9, In the results, the IDVmNG of passage 2 with a MOI of 0.01 is used for antiviral compound screening. Do the authors use this MOI of IDVmNG virus to determine the EC50 of the identified compounds? How about the IDVwt used in the same dose-response experiment?

9: For the determination of the EC₅₀, as well as for the infections with IDV^WT, we used the same MOI to assure comparability. The Materials and Methods section was updated to clarify.

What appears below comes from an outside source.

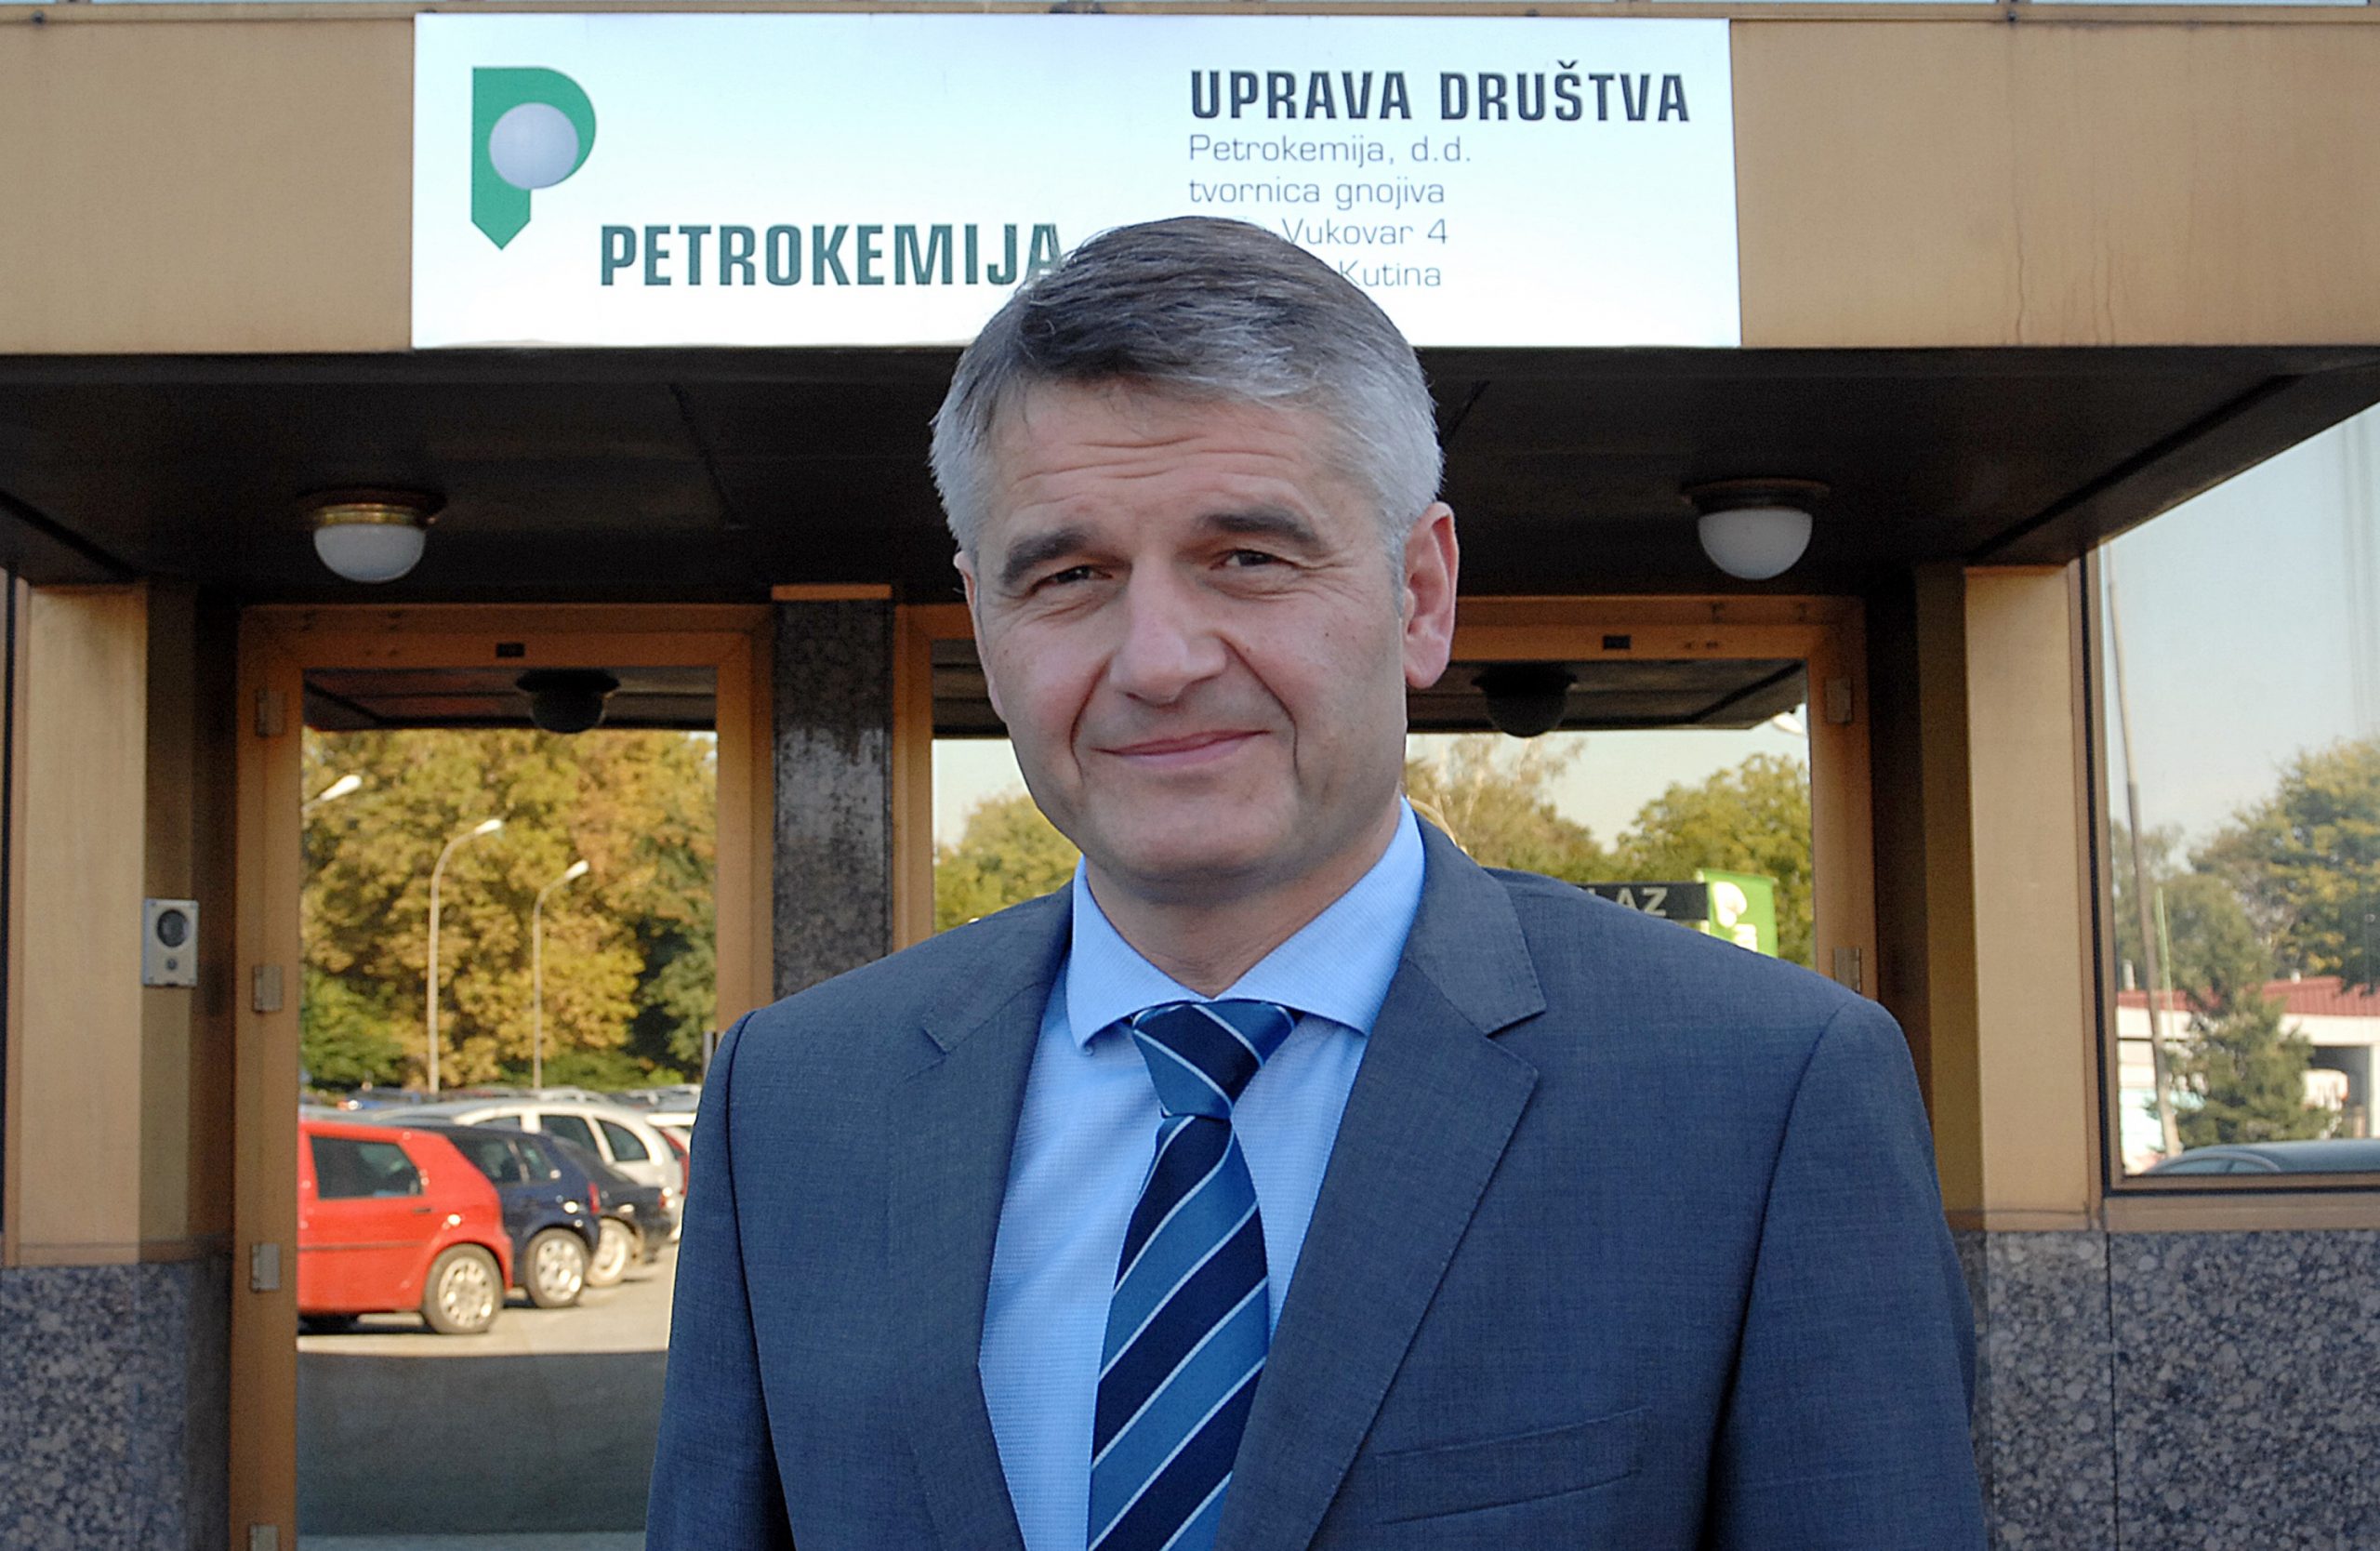 04.10.2013., Kutina - Dragan Marcinko, predsjednik Uprave Petrokemije d.d.
Photo: Nikola Cutuk/PIXSELL

10, In the results, the authors state that, comparing to the IDVwt, the reporter IDV is more susceptible to the inhibitors. Since the titers of the IDVwt and IDVmNG may be determined by different readouts (the NP staining for the former one and the mNG fluorescence for the later one), the actual titers of the two viruses may be different, which is possible to result in the diverse susceptibility of the two viruses to the inhibitors. Please clarify it.

10: Thank you for the question; we hypothesize that this phenomenon is due to the lower replication kinetics for the reporter virus compared to IDV^WT (shown in Figure 1D) and that this likely is additionally influenced by the accumulation of internal deletions, as mentioned in our discussion.